I have a dataframe of 6M+ observations, where 20 of the columns are weights that will be applied to a single score column. I.e., Wgt1 * Wgt2 * Wgt3...* Score. In addition, not each weight is applicable to every observation, so I have created 20 columns that represent a weight mask. I.e., (Wgt1*Msk1) * (Wgt2*Msk2) * (Wgt3*Msk3) ... Score. When the mask is 0, the weight is not applicable; when the mask is 1, it is applicable.
For each row in the dataframe, I want to: 1, Check 2 qualifying conditions that indicate the row should be processed 2, find the product of the weights, subject to the presence of the corresponding mask (ttl_wgt) 3, multiply this product by the score (prob) to create a final weighted score
To do this, I have created a user-defined function:
import functools
import operator
import time
def mymult(a):
ttl_wgt = float('NaN') #Initialize to NaN
if ~np.isnan(a['ID']): #condition 1, only process if an ID is present
if a['prob'] > -1.0: #condition 2, only process if our unweighted score is NOT -1.0
b = np.where(a[msks] ==1)[0] #index for which of our masks is 1?
ttl_wgt = functools.reduce(operator.mul, a[np.asarray(wgt_nms)[b]], 1)
return ttl_wgt
I ran out of memory during development, so I decided to chunk it up into 500000 rows at a time. I use a lambda function to apply to the chunk:
msks = ['Msk1','Msk2','Msk3','Msk4',...,'Msk20']
wgt_nms = ['Wgt1','Wgt2','Wgt3','Wgt4',...,'Wgt20']
print('Determining final weights...')
chunksize = 500000 #we'll operate on this many rows at a time
start_time = time.time()
ttl_wgts = [] #initialize list to hold weight products
for i in range(0,len(df),chunksize):
ttl_wgts.extend(df[i:(i+chunksize)].apply(lambda x: mymult(x), axis=1))

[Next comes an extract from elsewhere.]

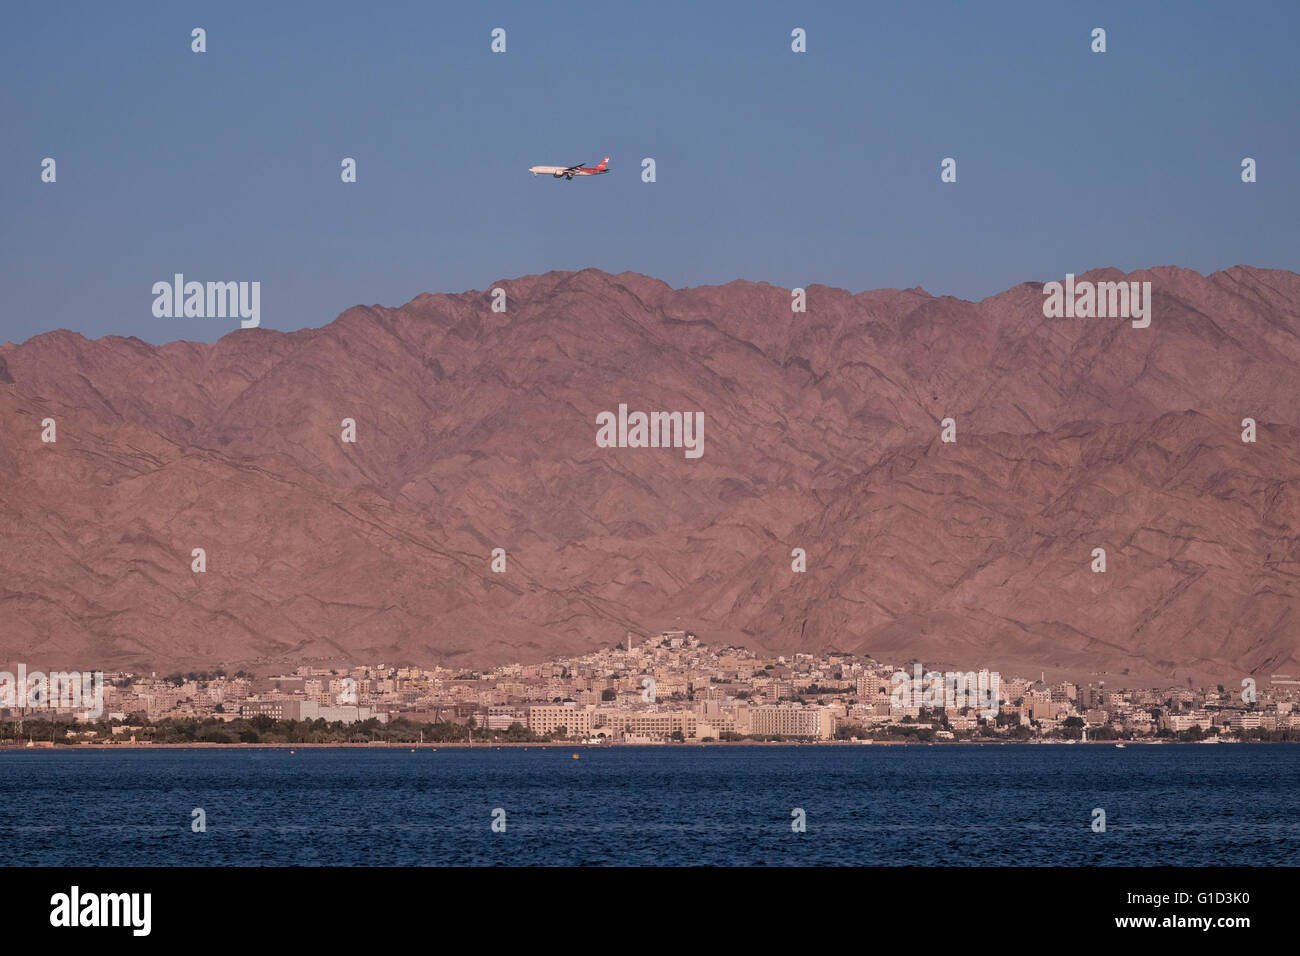 Ein Flugzeug der Nordwind Airlines eine russische Fluggesellschaft fliegt über die Stadt Aqaba die einzige Küstenstadt in Jordanien an der Nordspitze des Roten Meeres am Golf von Aqaba Stockfoto

print("--- %s seconds ---" % (time.time() - start_time)) #Expect between 30 and 40 minutes
print('Done!')
Then I assignthe ttl_wgts list as a new column in the dataframe, and do the final product of weight * initial score.
#Initialize the fields
#Might not be necessary or evenuseful
df['ttl_wgt'] = float('NaN')
df['wgt_prob'] = float('NaN')
df['ttl_wgt'] = ttl_wgts
df['wgt_prob'] = df['ttl_wgt'] * df['prob']
I checked out a prior post on multiplying elements in a list. It was great food for thought, but I wasn't able to turn it into anything more efficient for my 6M+ observations. Are there other approaches I should be considering?
Adding an example df, as suggested
A sample of the dataframe might looks something like this, with only 3 masks/weights:
df = pd.DataFrame({'id': [999999999,136550,80010170,80010177,90002408,90002664,16207501,62992,np.nan,80010152],
'prob': [-1,0.180274382,0.448361456,0.000945058,0.005060279,0.009893078,0.169686288,0.109541453,0.117907763,0.266242921],
'Msk1': [0,1,1,1,0,0,1,0,0,0],
'Msk2': [0,0,1,0,0,0,0,1,0,0],
'Msk3': [1,0,0,0,1,1,0,0,1,1],
'Wgt1': [np.nan,0.919921875,1.08984375,1.049804688,np.nan,np.nan,np.nan,0.91015625,np.nan,0.810058594],
'Wgt2': [np.nan,1.129882813,1.120117188,0.970214844,np.nan,np.nan,np.nan,1.0703125,np.nan,0.859863281],
'Wgt3': [np.nan,1.209960938,1.23046875,1,np.nan,np.nan,np.nan,1.150390625,np.nan,0.649902344]
})
In the first observation, the prob field is -1, so the row would not be processed. In the second observation, Msk1 is turned on while Msk2 and Msk3 are turned off. Thus the final weight would be the value of Wgt1 = 0.919922. In the 3rd row, Mask1 and Msk2 are on, while Msk3 is off. Therefore the final weight would be Wgt1*Wgt2 = 1.089844*1.120117 = 1.220752.